Assume that \(A\) is the negation of another sentence \(B\). So \(A\) is \(\neg B\) and \(A'\) is \(\neg B'\) for some sentence \(B'\) that is either equivalent to \(B\) (if \(B\) is the subsentence of \(A\) that has been replaced to yield \(A'\)) or that results from \(B\) by replacing a subsentence within \(B\) by an equivalent sentence (if the subsentence of \(A\) that has been replaced to yield \(A'\) isn’t \(B\)). In the latter case, our assumption that the observation holds for sentences simpler than \(A\) implies that \(B\) and \(B'\) are equivalent. Either way, then, \(B\) and \(B'\) are logically equivalent: they are true at the same worlds in every model. By clause (b) of definition 2.2, it follows that \(A\) and \(A'\) are also true at the same worlds in every model.

Essentially the same reasoning applies in the case where \(A\) is a conjunction \(B \land C\), a disjunction \(B \lor C\), a conditional \(B \to C\), a biconditional \(B \leftrightarrow C\), a box sentence \(\Box B\), and a diamond sentence \(\Diamond B\). I won’t bore you by going through all of them. Here is the case for \(\Box B\).

Assume that \(A\) has the form \(\Box B\). So \(A\) is \(\Box B\) and \(A'\) is \(\Box B'\) for some sentence \(B'\) that is equivalent to \(B\) (by the same reasoning as before). By clause (g) of definition 2.2 it follows that \(A\) and \(A'\) are also equivalent. □

2.5Trees

I will now introduce a streamlined method for working through definition 2.2 to check whether a sentence is valid: the method of analytic tableau or tree proofs. (You may be familiar with this method for non-modal logic.
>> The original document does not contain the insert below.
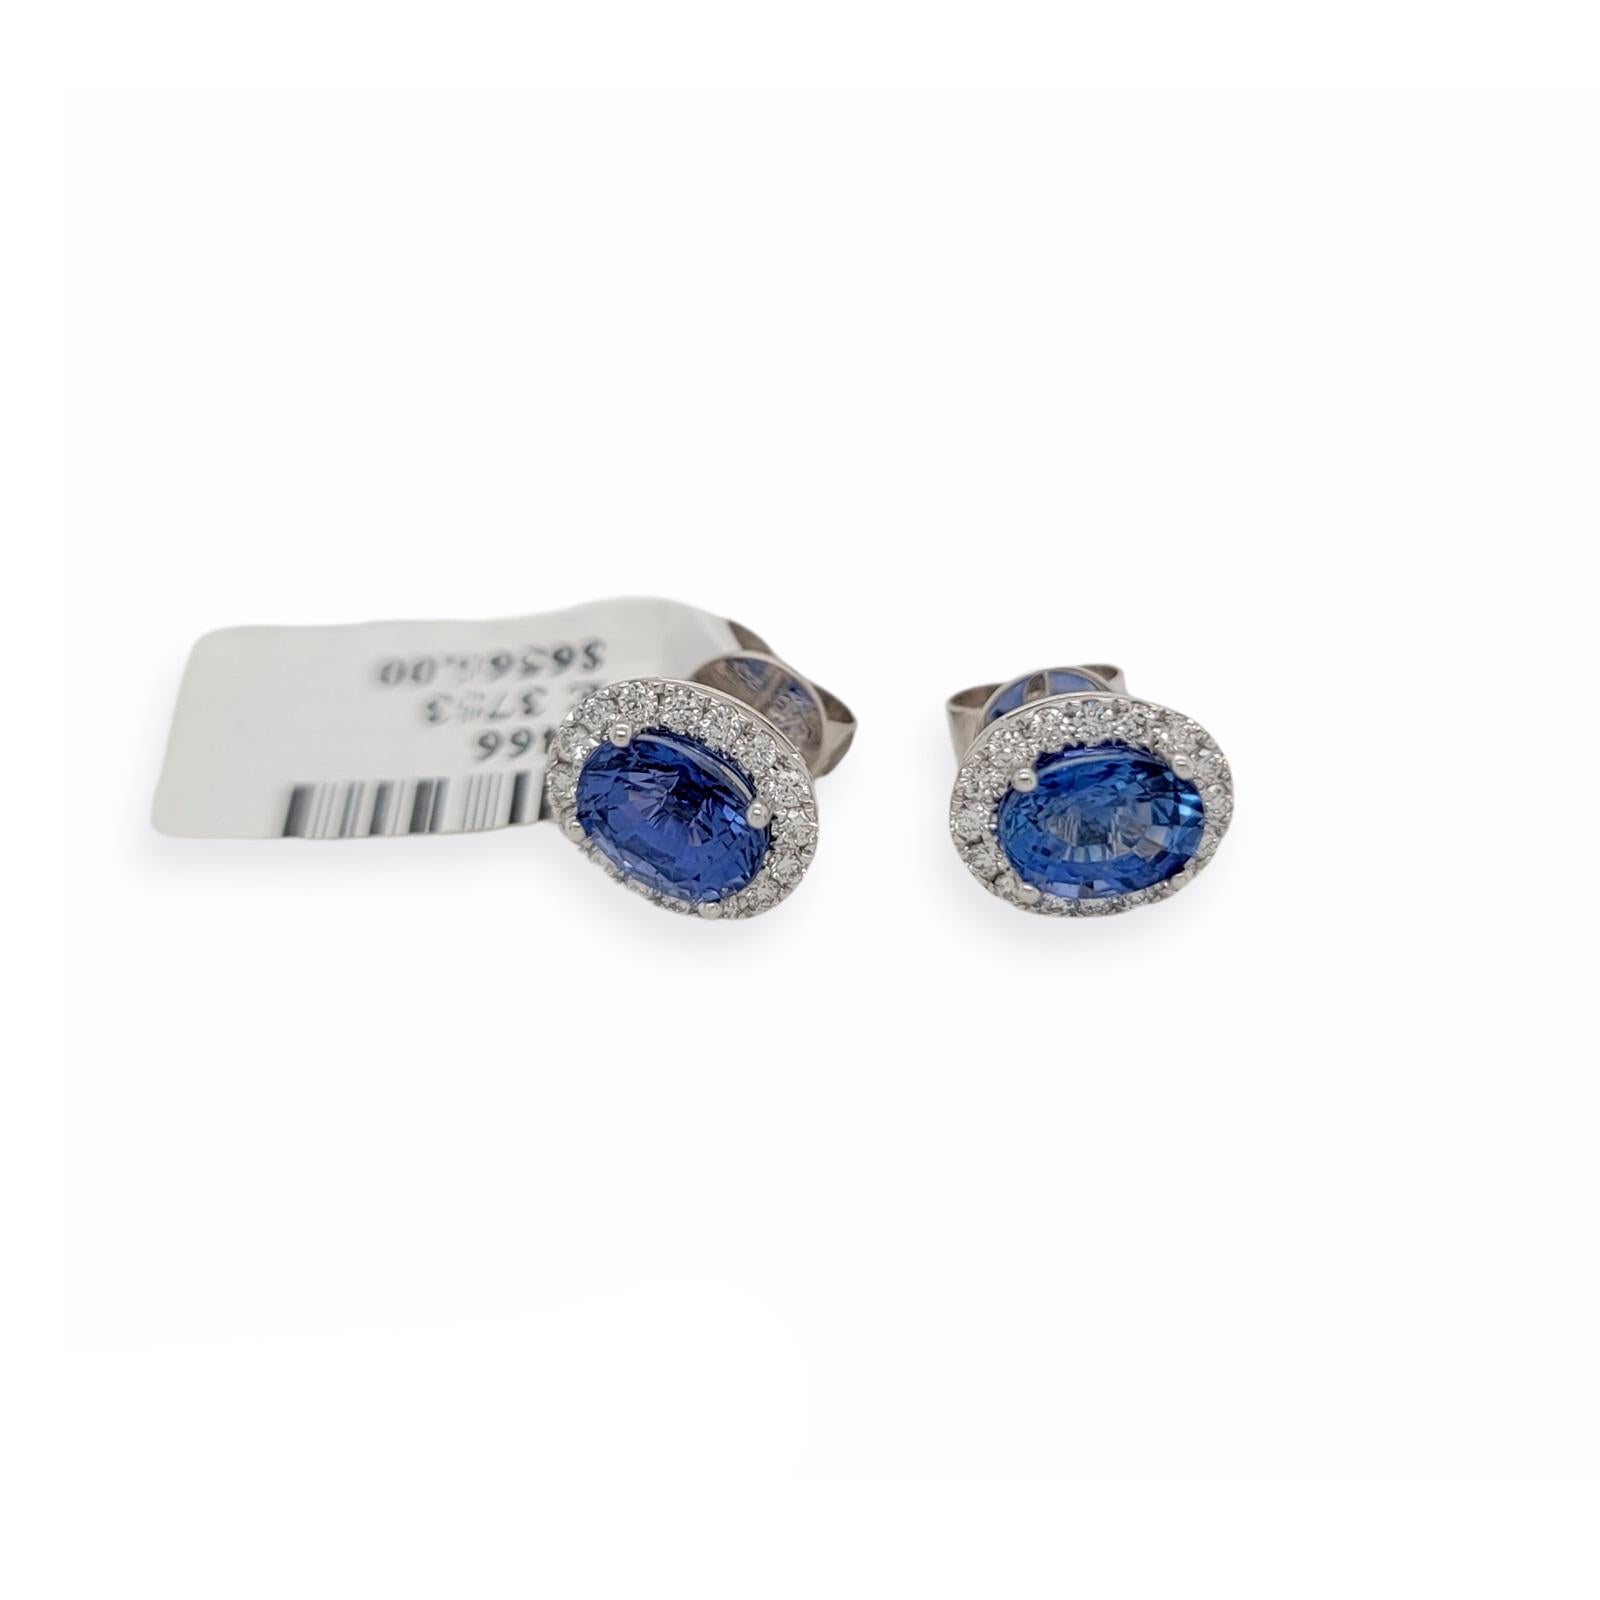 2.69 CT Natural Blue Sapphire & 0.37 CT Diamonds 14K White Gold Stud Earrings In Excellent Condition For Sale In Los Angeles, CA

If so, good. If not, no problem.) It is best introduced by example.

Let’s check if \(\Diamond p \to \Box p\) is valid. We do this by trying to construct a countermodel. A countermodel for \(\Diamond p \to \Box p\) is a model in which there is some world \(w\) at which \(\Diamond p\to \Box p\) is false. We start our construction by assuming that the negation of \(\Diamond p \to \Box p\) is true at \(w\). We write this down as follows.

1.  ¬ (♢p  → □p )  (w ) (Ass.)

‘1.’ and ‘(Ass.)’ are for book-keeping; ‘Ass.’ is short for ‘Assumption’, since we’re assuming that \(\neg (\Diamond p \to \Box p)\) is true at \(w\). Now we unfold this assumption in accordance with definition 2.2. The definition tells us that a conditional \(A\to B\) is false at a world \(w\) iff the antecedent \(A\) is true at \(w\) and the consequent \(B\) is false at \(w\). So the assumption on line 1 implies that \(\Diamond p\) is true at \(w\) and that \(\Box p\) is false at \(w\). We expand our “tree” (or “tableau”) by adding these consequences.

1.  ¬ (♢p  → □p )  (w ) (Ass.)

2.       ♢p       (w )  (1)
3.      ¬□p       (w )  (1)

I have ticked off line 1 (with ‘\(\checkmark \)’) to mark that we won’t need to look at it again. All the information in line 1 is contained in lines 2 and 3. The parenthetical ‘(1)’ at lines 2 and 3 reminds us that these lines are derived from line 1.

We continue drawing out further consequences. What does the truth of \(\Diamond p\) at \(w\) imply for the subsentence \(p\)? By definition 2.2, there must be some world – let’s call it \(v\) – at which \(p\) is true.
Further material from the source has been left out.